20080927

"...Ao pé do seu cadáver estava uma carta. Peguei nela. Li:
Cada homem é um mundo. A esperança é uma virtude que ajuda a viver. Viver para a dor, onde a minha face sofredora traz estampado o veneno da tuberculose-como Caim a sua traição-, é dolorosa para quem sofre. Os médicos desenganaram-me hoje.
Não se mede a vida por uma hora, mas sim por muitos anos. Que se acabe o mundo para mim, e que morra o homem com a peste que o devora. Os gérmens vão devorar o gigante...
Procuro a morte para me libertar da vida.
O homem como o ar é livre. Tudo no mundo é luta. Combato contra mim mesmo. Não sou eu que morro. É a tuberculose que mata.
Mato porque ela quer viver...
É ela, que anda a ensaiar a morte, arrancando a quem me olhar, gritos lancinantes de piedade!.... Eu matei a morte!...

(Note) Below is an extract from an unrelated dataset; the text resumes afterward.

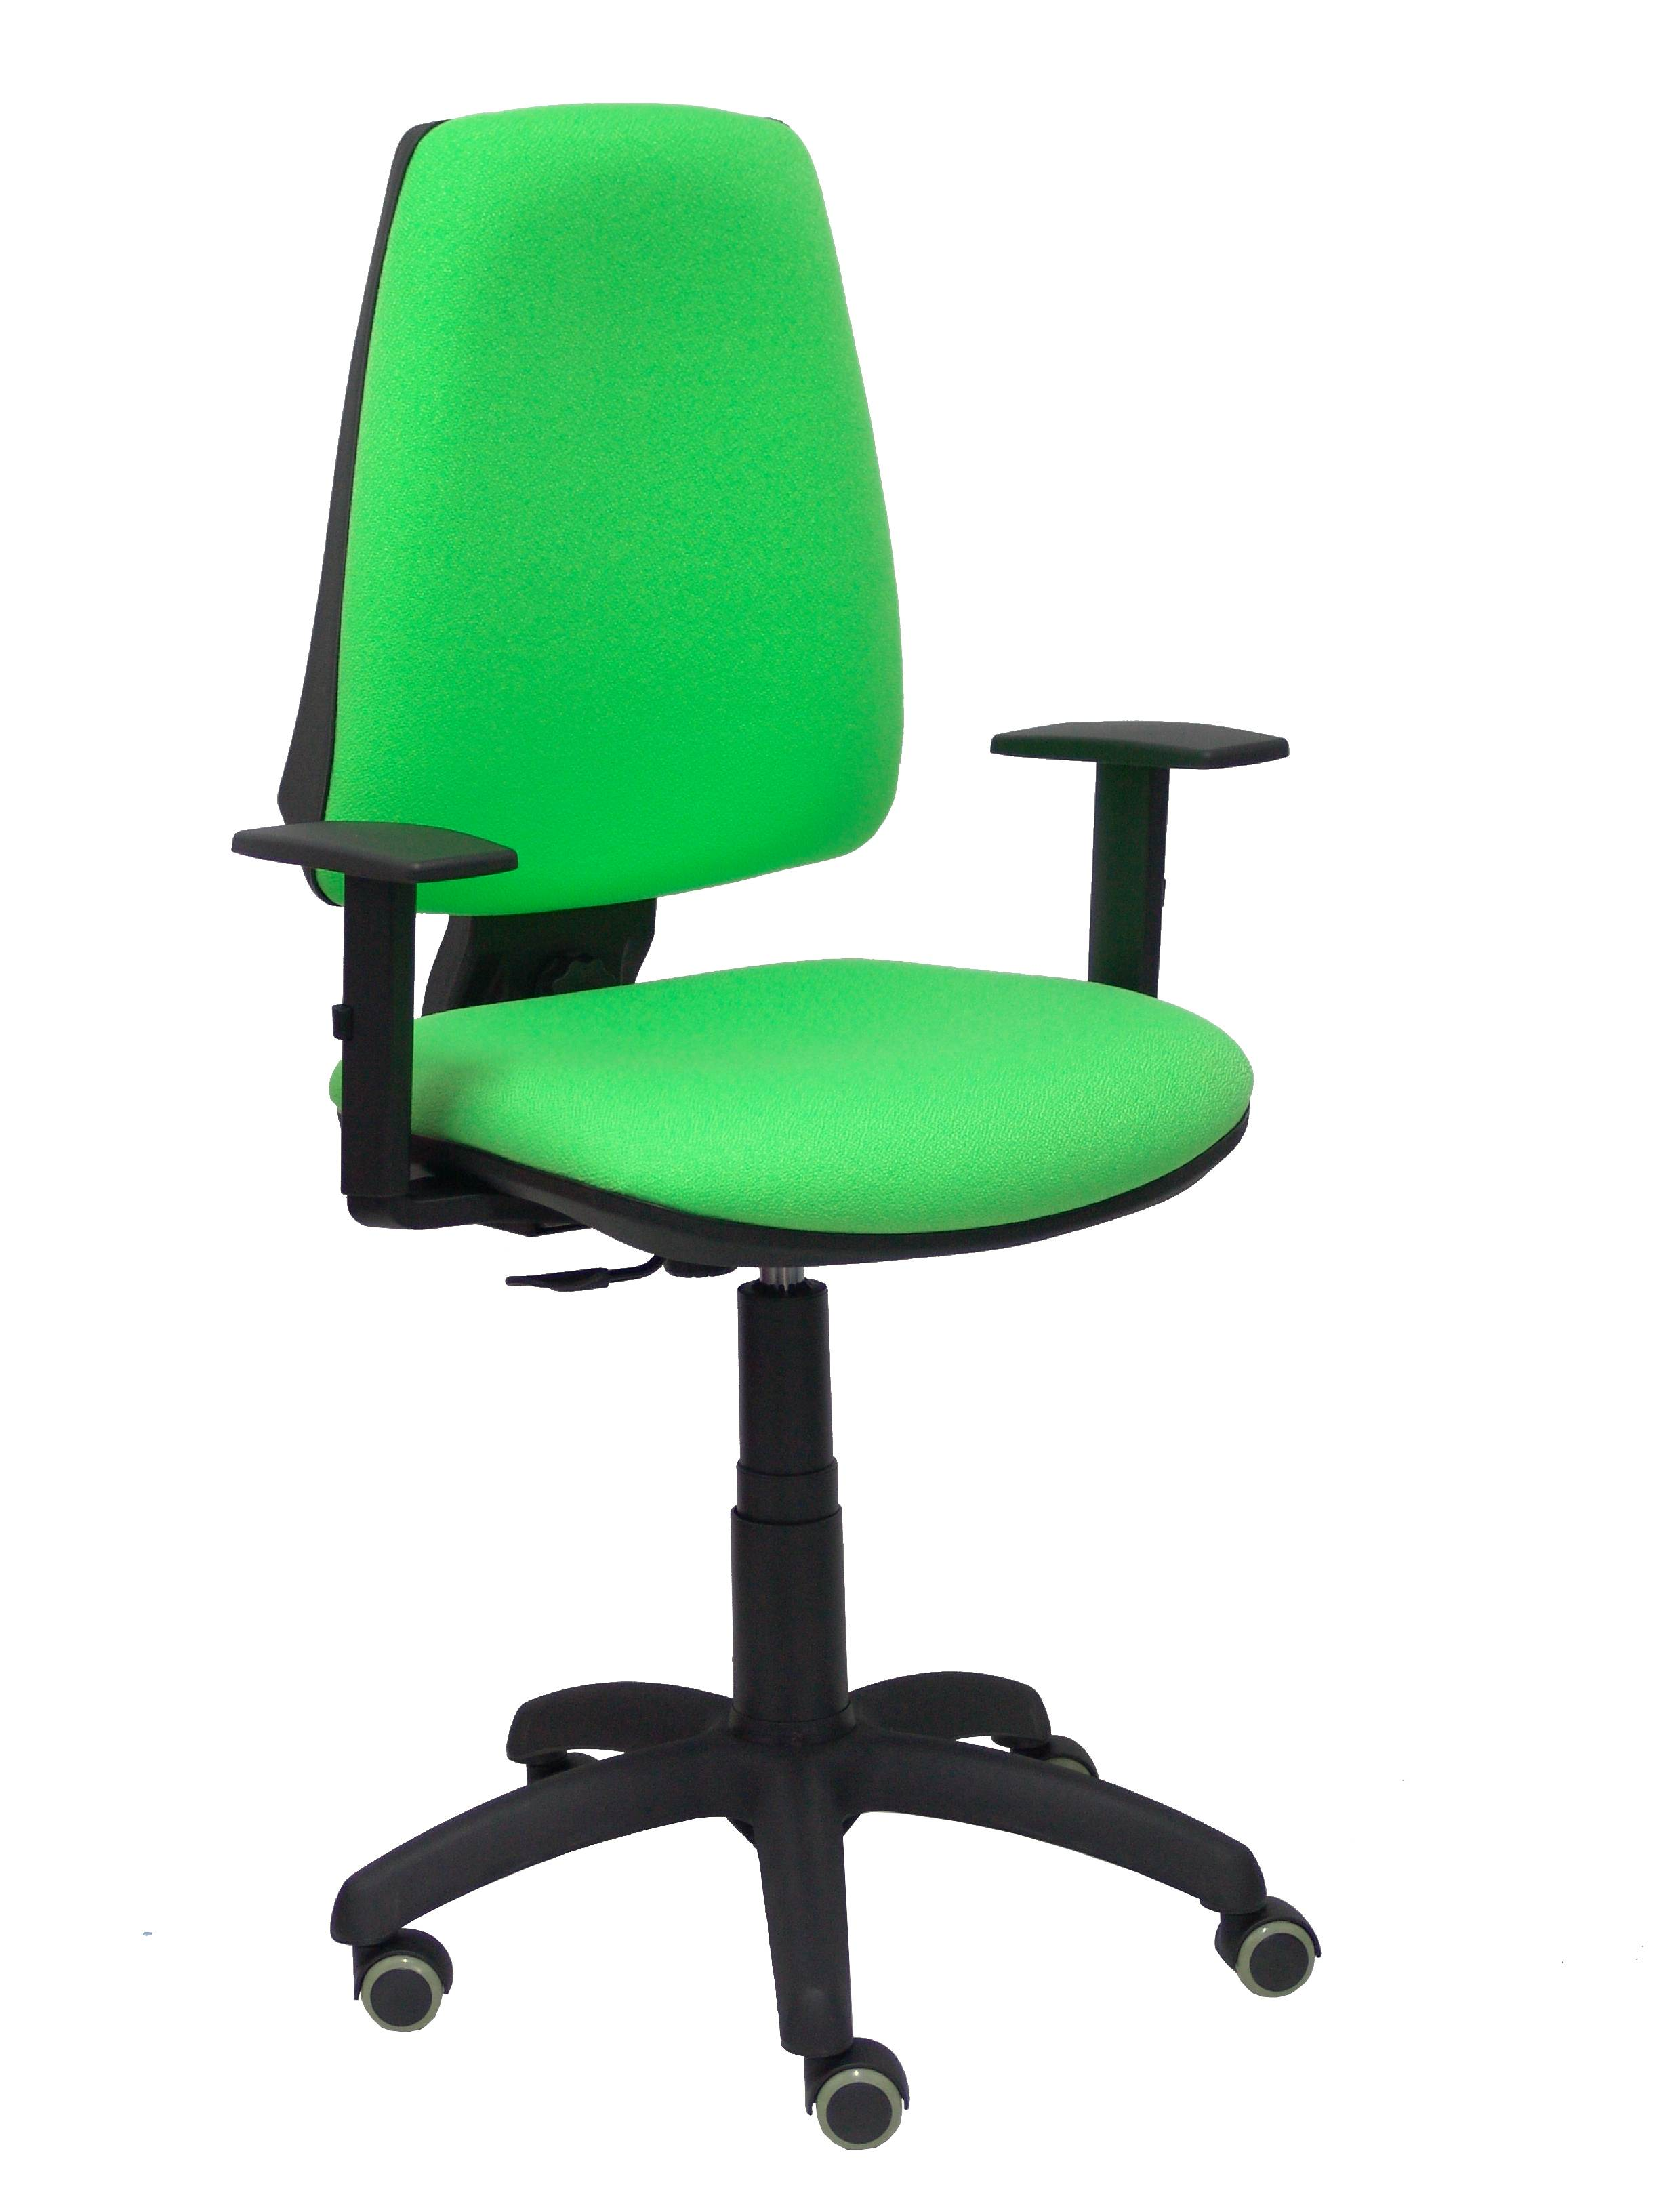 Silla Elche CP bali verde pistacho brazos regulables ruedas de parquet

A morte que me acompanhava em vida, vestida de sobretudo, luvas e chapéu mole, escondendo nas paredes do seu corpo, os pulmões podres e um coração em ruínas!...
Era ele que estava fora da vida em movimento.
..........................................................................................................................................................................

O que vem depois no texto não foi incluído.